Она бережно коснулась плеч Софьи Михайловны и поцеловала ее в другую щеку.
– Да, мы приехали вчера. Очень мило, что вы пришли, Эдита Адольфовна, – отвечала Софья Михайловна таким тоном, который говорил, что она очень рада приходу и могла бы еще больше выразить радости, если бы все, что она застала здесь, не было бы так печально. – Вы знаете, я так устала, – говорила она, – всю ночь такая мигрень, и потом эта история с Дюдей… Даша, принесите кофе Эдите Адольфовне!
– Да, ужасная история… – Эдита Адольфовна сменила восторженное выражение на грустное и соболезнующее. – Я тоже так была взволнована, когда услыхала об этом. У меня должен был быть немецкий в их же классе, но я, как услыхала об этом, я сказала, что никому не могу доверить бедного мальчика, и сама доставила его на извозчике… Семен Яковлевич всегда так занят, – добавила она, сделав еще более грустное, соболезнующее лицо, как бы желая сказать этим, что она, конечно, никогда не допустит себя до вмешательства в семейные дела Гиммеров, но она все, все понимает. – А как он сейчас?
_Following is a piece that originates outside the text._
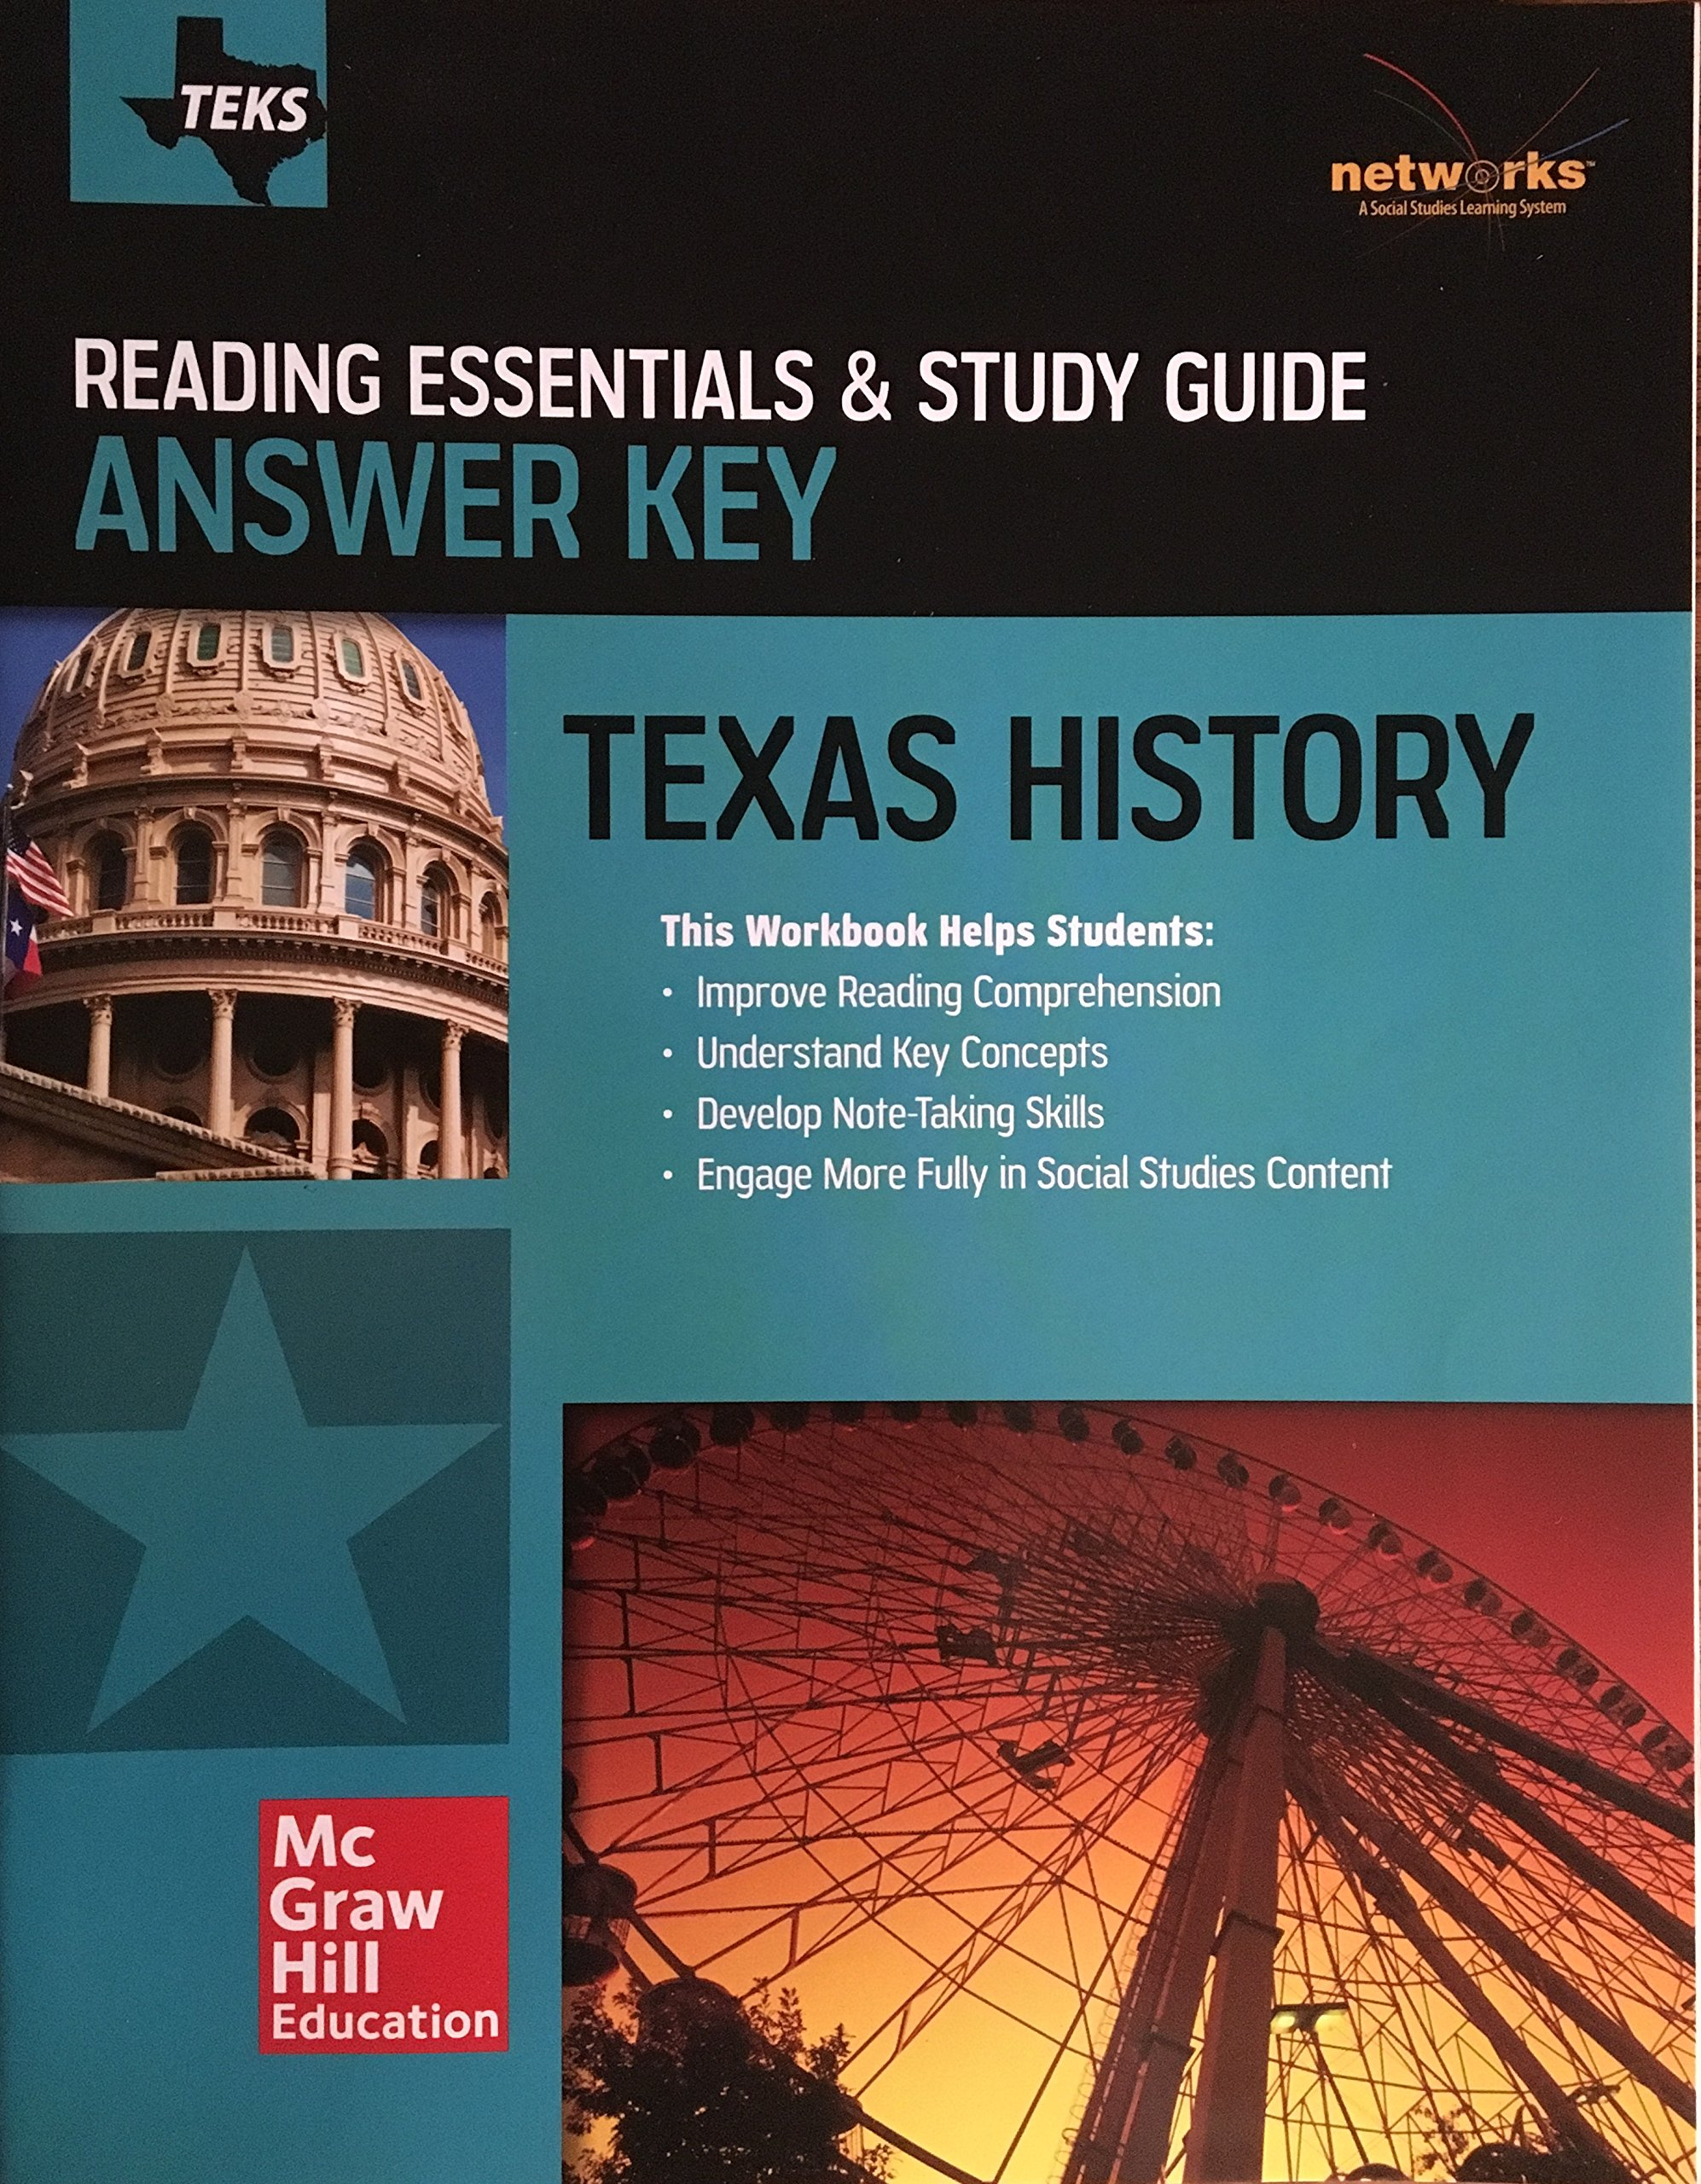 Teks texas history reading essentials study guide answer key teks texas history reading essentials study guide answer key mcgraw hill 9780021360574 amazon books fandeluxe Images

– Самочувствие хорошее и аппетит. Но синяк ужасный, я все-таки велела лежать ему в постели.
– Нет, я обязательно посмотрю сама, – решительно сказала Эдита Адольфовна, – вы извините меня, но иначе я не могу быть спокойной…
И она, свистя платьем и стуча своими стоптанными, как заметила Лена, каблуками, стремительно вышла из столовой.
Когда Эдита Адольфовна ходила или сидела, верхняя часть ее длинного корпуса подавалась вперед, а нижняя отставала немного, точно она всегда стремилась к чему-то духом, но отставала телом.
– Да, синяк ужасный, – сказала она, возвращаясь. – Это все Сурков… Грубый мальчик, неблагодарный, отец у него неисправимый пьяница, – я была у них там, в их слободке, помните, когда мы обследовали условия жизни стипендиатов… У нас столько дел! Я их не могла разрешить без вас… – Она энергичным движением раскрыла черную сумочку, достала носовой платок и записную книжку. – Вы простите, что я так сразу начинаю о делах нашего общества, но через час у меня французский в женской гимназии.
– Что вы, Эдита Адольфовна! Вы знаете, как я всегда волнуюсь этим и не жалею времени для этого… Выпейте кофе, у вас очень усталый вид.
– Да, там у нас одни неприятности. Вы знаете, мы еще не приобрели материи для наших мальчиков, а сезон уже наступил. Нет денег, – перебила она вопросительный жест Софьи Михайловны, – к Солодовниковым неудобно было обращаться за деньгами, когда у них такое горе после смерти их бедной старушки, а к Пачульским я обращалась, – Эдита Адольфовна, понизив голос, склонилась к Софье Михайловне, – и, конечно, как всегда, Тереза Вацлавна дала понять, что они уже много вносили и что в данный момент у них нет свободных денег… Это – когда весь город говорит об этой их операции с мукой!..
– Печально, очень печально… – На лице Софьи Михайловны изобразилась печаль. – Но что же делать, – не нам осуждать людей, пусть их бог судит…
– Нет, простите, Софья Михайловна, я знаю, вы с вашей добротой всегда всех прощаете. Но когда знаешь, сколько вы кладете в это дело и сил и средств, и когда даже я со своим скудным жалованьем, – но я не хочу говорить о себе, а уж Терезе Вацлавне, тем более с ее прошлым…
Эдита Адольфовна вдруг запнулась и посмотрела на Лену.
– Да, мы сейчас перейдем ко мне и обо всем поговорим, – сказала Софья Михайловна. – Леночка, пойди сюда… Познакомься с тетей Эдитой Адольфовной.
Лена лопаточкой протянула руку.
– Никогда не подавай руки старшим, а делай книксен, вот так… – Софья Михайловна, захватив пухлыми ручками полы кимоно, показала, как делают книксен. – Когда будешь большой, будешь первая подавать руку мужчинам…
Она с улыбкой взглянула на Эдиту Адольфовну.
– Премиленькая девочка, – сказала та, обнажив длинные черные зубы.
– Так пройдемте ко мне и поговорим обо всем… Леночка! Ты пойди в детскую, поиграй или почитай что-нибудь. Не скучай и будь умницей…
И, погладив Лену по головке и запахнув кимоно, Софья Михайловна вместе с Эдитой Адольфовной пошла на свою половину.